Example with the booze. I talked about getting out of my loft apartment in that nasty city I was in for 4 years. I wanted out and did nothing about it. It became very depressing after 19 years there. I quit drinking in July. In 60 days I gave 30 days notice and was unloading everything I owned. I actually came in ahead of schedule and got out of there before the 30 days was up. At 90-100 days I was in a condo on the beach, doing yoga, and getting ready to leave the country. Then these auto immune things got far worse and I ended up back here. Again though, I shunned the steps to possibly get well over the last 8 months!!

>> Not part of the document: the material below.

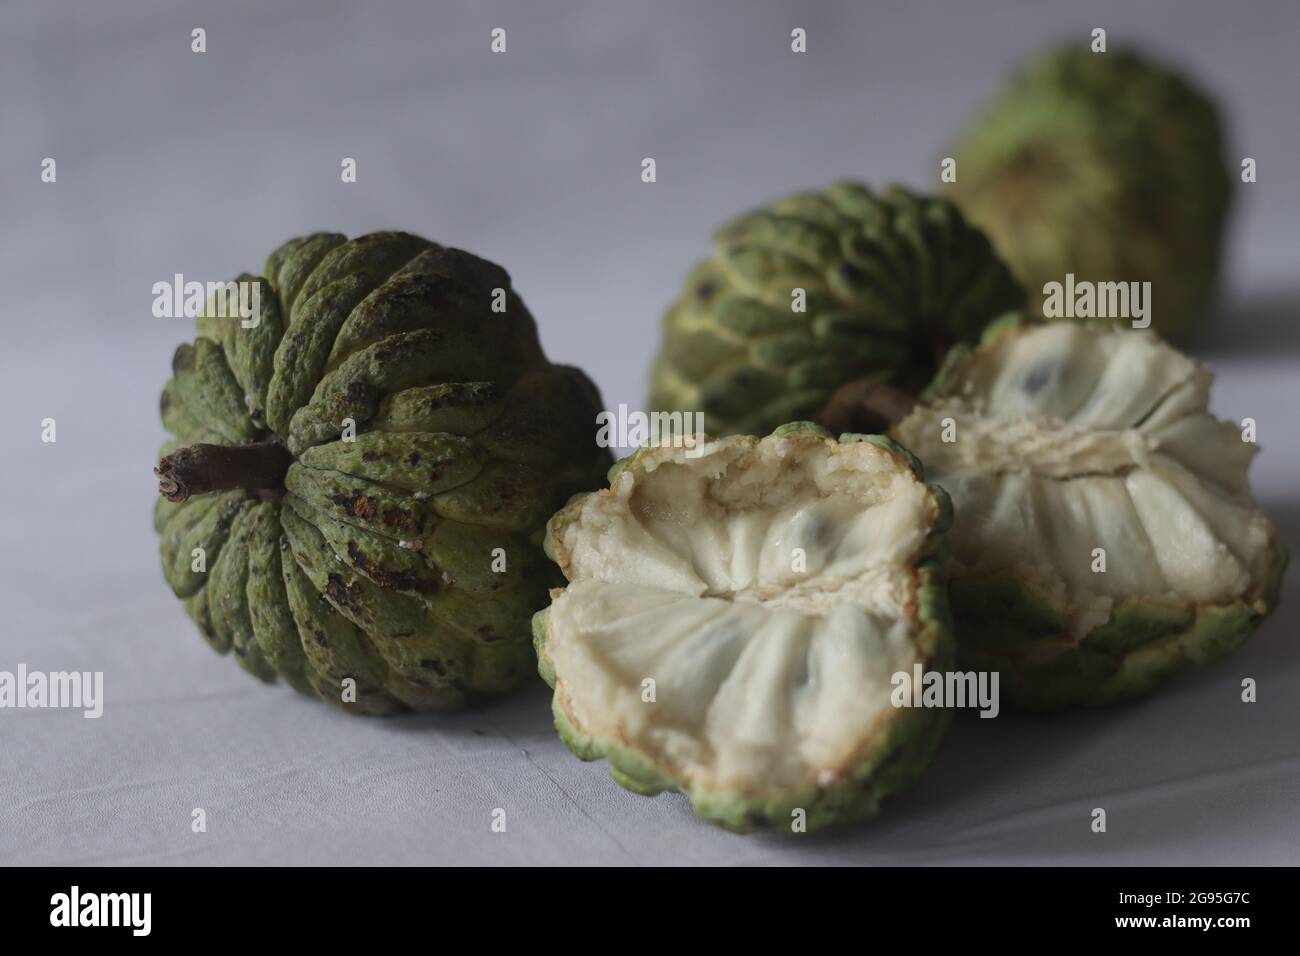 Cherimoya ist eine grüne, kegelförmige Frucht mit ledriger Haut und cremigem, süßem Fruchtfleisch. Es ist auch als Puddingapfel bekannt. Die Früchte variieren in Form, Herz Stockfoto

I feel this environment is toxic, and I've got to get out of it. If you lived with 5 drinking bros in a neighborhood riddled with bars, you'd move right? Same thing here, just in a different way. Like a town in a Stephen King novel, there is something here that many people will acknowledge is very off, disconcerting, and dreadful. Like a King novel most people ignore it and go on like a demonic clown isn't murdering children. The kids are all runaways, end of story. People turn a blind eye. I know that's not the case. The clown is out there.

I don't need to convince anyone, except myself. I'm just trying to help you understand my thinking.

Thanks for the patience. I actually feel bad that I failed you guys. And Axe, thanks for acknowledging that I can do those things with time. They aren't unattainable by any stretch of imagination.